Some people might argue that the Covenants of Co-operation require the City to vehemently put forward contentions of Richmond community need and net benefit to Richmond agriculture. However, those contentions would have to be contrived, perhaps by means of skewed methods like the so-called Richmond Community Survey or the long-rumoured intent to facilitate a large transfer of money to the Richmond Agricultural Advisory Committee to influence them to support ALR removal. The ethics of such behaviour requre no comment, and the obligation to act in good faith cannot include an obligation to act in an unethical way. Furthermore, the citizens of Richmond have the intelligence and integrity to debunk skewed evidence and identify unsuitable conduct.


What could the City argue to the Agricultural Land Commission?

It’s relevant to note first that the City is now avoiding any mention of the Trade and Exhibition Centre that was going to be built on the Garden City lands, and the purposes we hear now are all either ALR-permitted uses or non-farming uses that the Agricultural Land Commission would typically permit without the land being removed from the ALR. If the City chooses to advocate ALR-removal to the commission, the only evident line of reasoning would be that the mega-density development of 57.5% of the property is necessary so that the City can retain green space on the other 42.5% (minus the eventual space for schools and close to half of the total roadway space).

If that’s the strategy, the simple approach would be to leave that remaining green space in the ALR, not ask that it be removed with the intention that it would later be put back. It would be easy to modify the agreements to allow for only the megadensity-development being removed from the ALR. However, it would be in the interests of Canada Lands and the Musqueam to demand that the City instead ask for the whole of the Garden City lands to be removed, with the City returning some of it to the ALR after taking possession in 2013 (or perhaps a few years later, if ever).
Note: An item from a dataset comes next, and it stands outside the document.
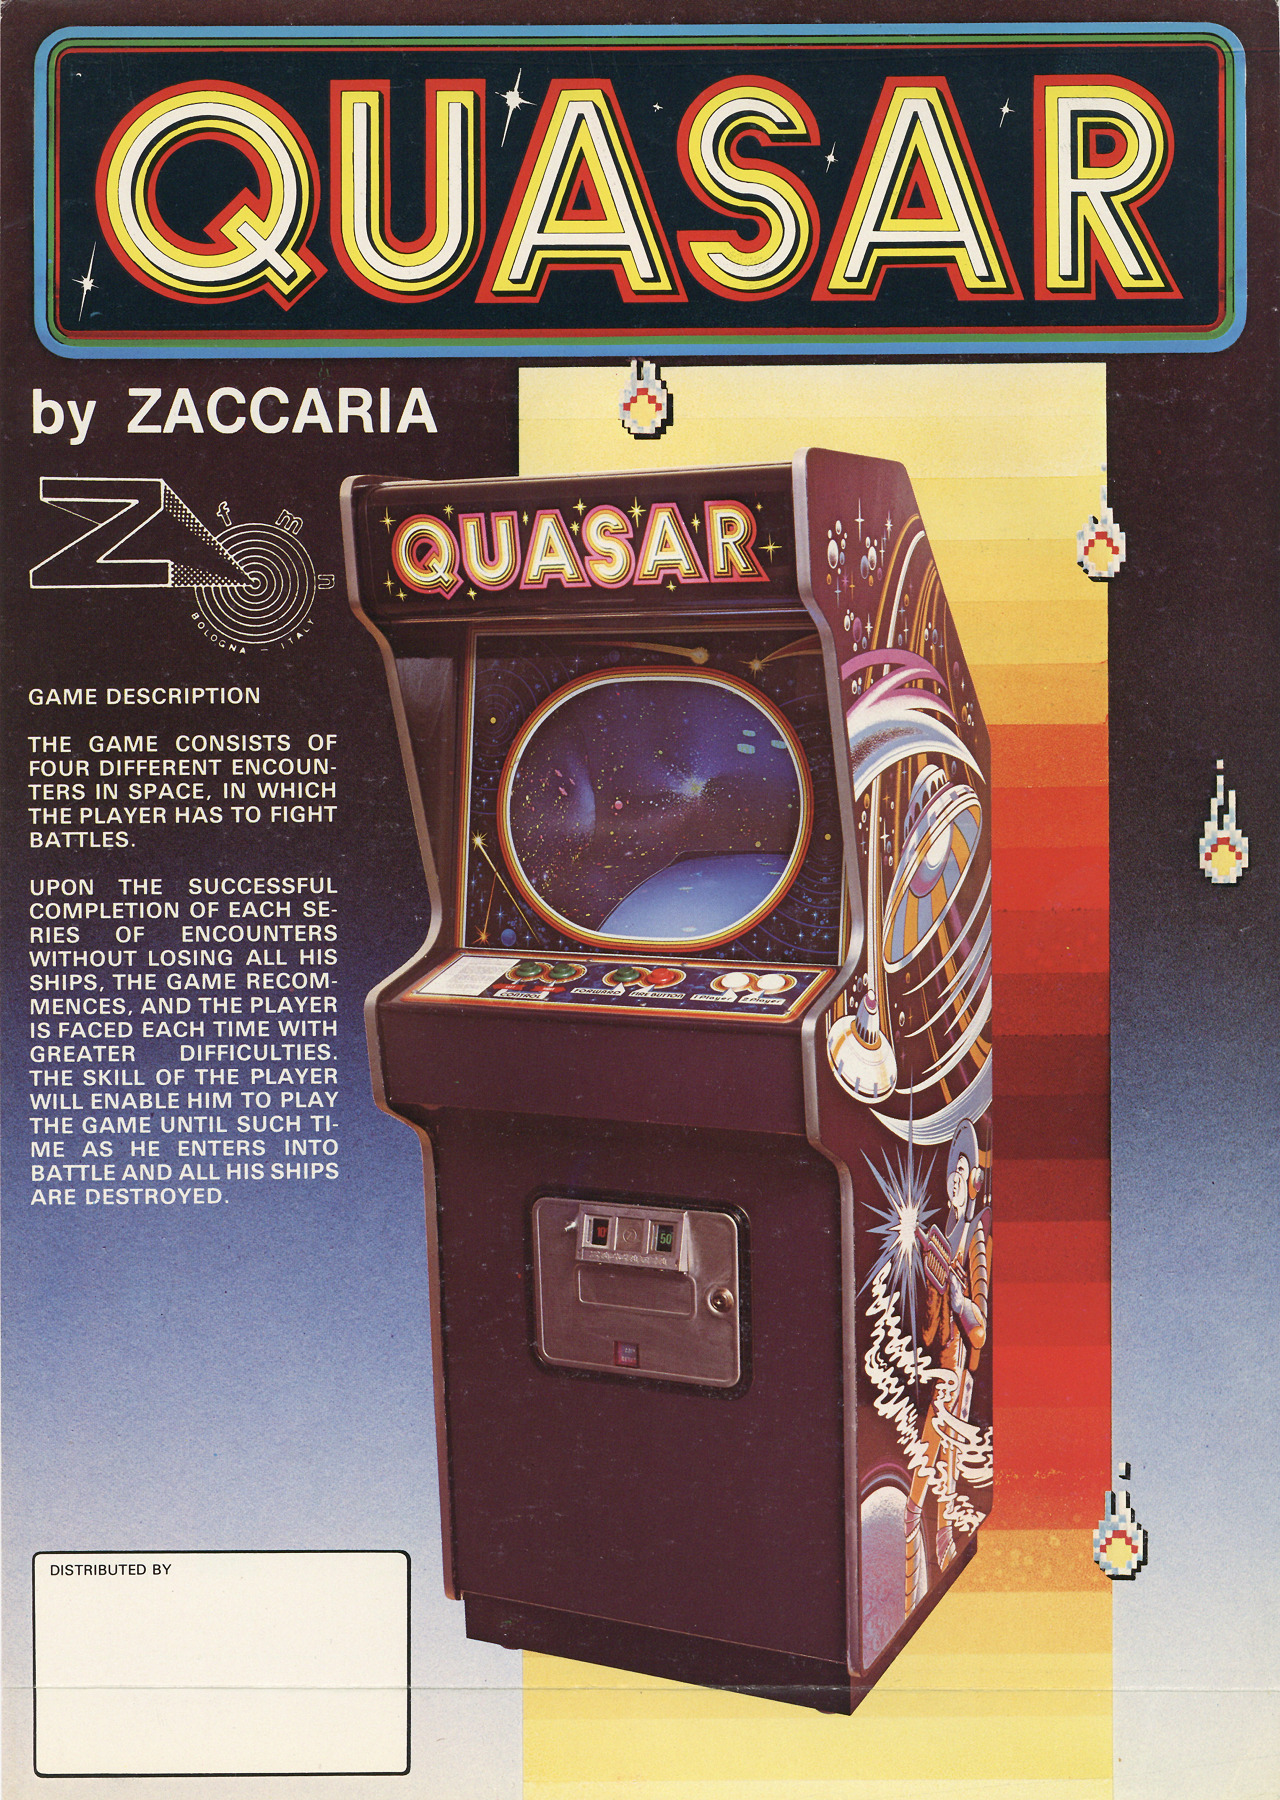 quasar jogos – Página 4 – Quasar Jogos

Since Canada Lands (directly) and the Musqueam (through a benficial interest) would continue to own the lands until the distant time when the City might take possession, they would naturally prefer to own a property that is outside the ALR, with a resale value that is vastly higher. Furthermore, there are many opportunities for the partners to terminate the agreements with the City, and for them it’s an obviously good business strategy to ensure there will be lucrative non-ALR lands to pursue after a termination.

Suggestion: It’s time the City stopped jumping through hoops for other parties.